In the short term, Evans said, there could be some benefits to his business if new tariffs increase companies’ demand for foreign-trade-zone warehousing, a kind of U.S.-based storage used before tariffs are imposed. For example, the last time Trump hit Chinese goods with new tariffs, one importer used Evans’s FTZ space to sort through components and discard any broken parts before paying tariffs on them, Evans said. Other importers might use the FTZ to assemble food and beverage items into gift bags that would carry a lower tariff rate than the individual items alone, he added.

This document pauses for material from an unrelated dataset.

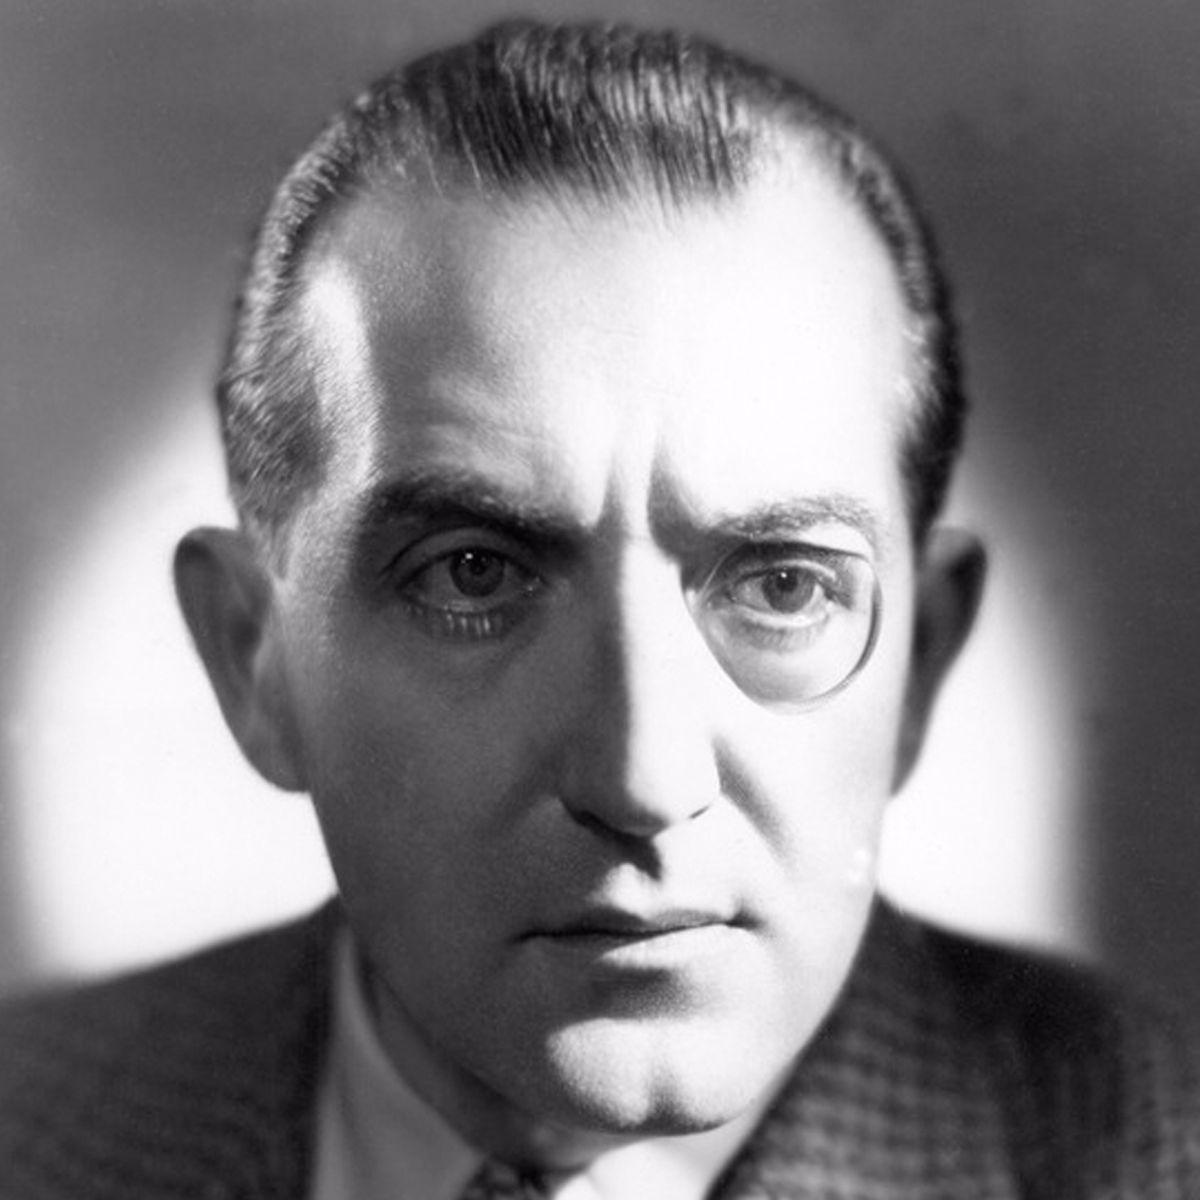 Fritz Lang en Amérique : Le Filmographe  - Part 2

Down the street at Ideal Group, a family-owned manufacturing and construction company that helps build auto factories, top executives grimaced when asked about import tariffs from Trump’s first term. The levies caused steel prices to rise, making it hard to plan big construction projects and to deliver them on budget, said Jesse Venegas, vice president and son of the company’s founder.
“Nobody likes to see prices go up. But not being able to predict them and the volatility associated, that’s what drives the biggest concern for me,” Venegas said.
From his office windows, Venegas can see the new bridge, which he hopes will spark development of more warehouses and other facilities in the area after it opens later this year. “I think as long as we value not having a tariff war with Canada, I think it’s going to work out well,” he said.
Some workers say they would welcome more tariffs if it meant bringing manufacturing jobs back to the U.S. At a truck stop on the outskirts of Detroit, where drivers rest and refuel before heading into Canada, mechanic Dean Schwartz said he supports Trump’s tariff threats.
“He wants all of them jobs back here,” said Schwartz, who spent 26 years as a truck driver before getting into repairs. “It’s the way it should be.”